Castro schimpfte später auf seine einstigen Freunde
Kuba, eingezwängt zwischen sämtlichen Parteien des Kalten Krieges, beargwöhnt von den Konservativen aller Länder sowie, bei aller Sympathie, von China und der UdSSR, suchte Schutz, und ging auf Angebote der Sowjetunion ein. In den Tropen änderte sich das politische Klima, Intellektuelle wurden auf Linie gebracht, „Lunes“ nicht mehr gedruckt. Als 1971 ein prominenter Autor verhaftet wurde, brachte Le Monde einen offenen Brief an Castro, signiert von Sartre, Beauvoir und anderen: Italo Calvino, Marguerite Duras, Hans Magnus Enzensberger, Carlos Fuentes, Juan Goytisolo, Alberto Moravia, Rossana Rossanda, Jorge Semprun und Mario Vargas Llosa. Als Freunde der Revolution und in deren Geist warnten sie vor Sektierertum und Repression, gerade jetzt, da in Bolivien, Chile und Peru die Chance bestünde, die „kriminelle Blockade durch den Imperialismus der USA“ zu überwinden. Castro schimpfte auf die „verabscheuungswürdigen Agenten des Kulturimperialismus“ und erklärte sie zu personae non gratae. Aus Flirt und Liebe war fast ein Scheidungsfall geworden.

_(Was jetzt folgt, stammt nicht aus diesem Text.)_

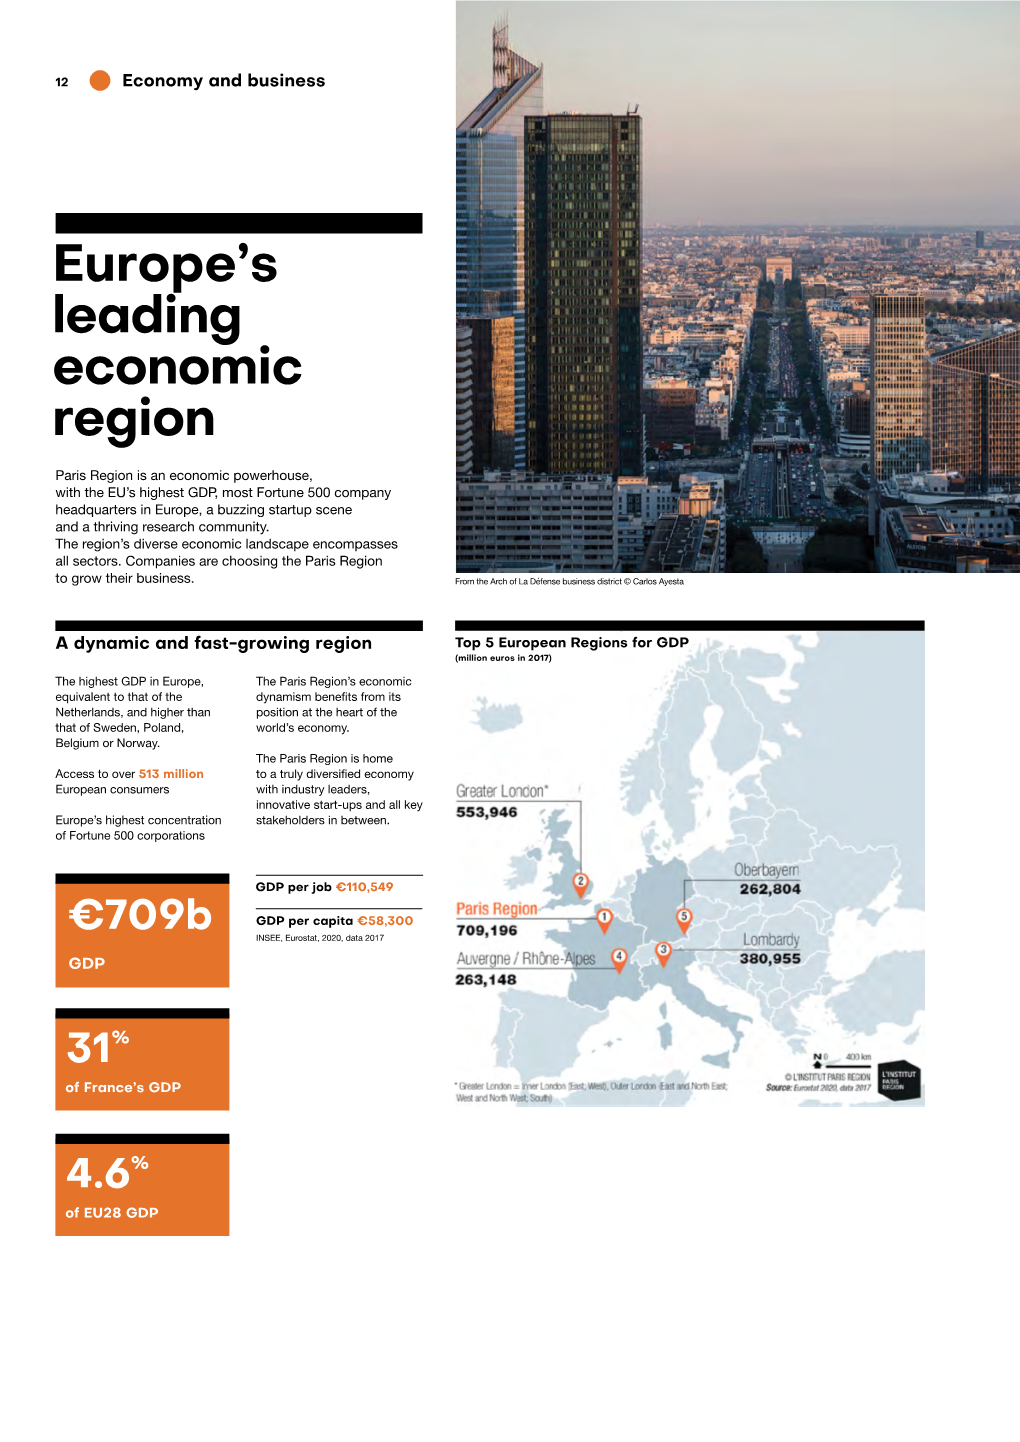 Europe's Leading Economic Region

Aber nur fast. Der Mythos der kubanischen Blüte des Sozialismus war beharrlicher. Einer seiner Protagonisten war Wolf Biermann, der 1975, zwei Jahre vor seiner Ausweisung, in der DDR einen Song schrieb, den auch das halbe, junge Westdeutschland mitsang: „Uns bleibt, was gut war und klar war: / Dass man bei dir immer durchsah / und Liebe, Haß, doch nie Furcht sah / Comandante Ché Guevara“. Biermann skizziert die weltberühmte Ikone Ché in wenigen Worten: „Der rote Stern an der Jacke / im schwarzen Bart die Zigarre / Jesus Christus mit der Knarre / so führt dein Bild uns zur Attacke.“
Mit dem Zerfall des Ostblocks verlor Kuba seine sowjetischen Geldgeber und die Mehrzahl seiner letzten Freunde. Treu blieben Gabriel García Márquez, Gérard Depardieu, Sean Penn oder Ted Turner – CNN unterhält seit Jahrzehnten ein Fernsehstudio in Havanna. Mit einem letzten, melancholischen Hauch feierte 1999 Wim Wenders’ Film „Buena Vista Social Club“ Kubas soziale Musikalität. Das Portrait betagter, aber beschwingter Altmeister kubanischer Musik zündete ein Flämmchen des großen Einst an, auch in der nächsten Generation. Wer Kuba bereist, kann Spuren der „década prodigiosa“ noch finden, etwa da, wo Lässigkeit, Stolz und Humor sich zu einem Selbstbewusstsein kombinieren, das auch einen Armen jedes Trinkgeld ablehnen lässt, mit breitem Grinsen: „Ich bin Kubaner!“
Der neue Anti-Kubanismus, den Amerikas Republikaner und eine Schar neoliberaler Europäer jetzt nach Obamas Offerte entfalten werden, dürfte das Flämmchen noch mal größer werden lassen. Hassobjekt war das Modell Kuba bei Kritikern sozialer Utopien nämlich besonders aus einem Grund: Weil es tatsächlich, wenn auch nur kurz, nur eine Phase lang, attraktiv und lebendig funktioniert hat. Weil Kuba verführen konnte, wie kein Rumänien, Sowjetrussland oder Nordkorea. Tropensozialismus, das war nicht abschreckend, sondern ansteckend. Kann eine bessere, menschlichere, egalitärere Gesellschaft wirklich und wirksam existieren? Kuba war das Ja zur Frage. Irgendwie ging das dort, in der Anfangsphase mit Überschuss an Idealen und Mangel an Dogmatismus. Dieser Funke eines funktionierenden Sozialismus, auf einer kleinen, wie erfunden wirkenden Insel, der allein war die kubanische Gefahr.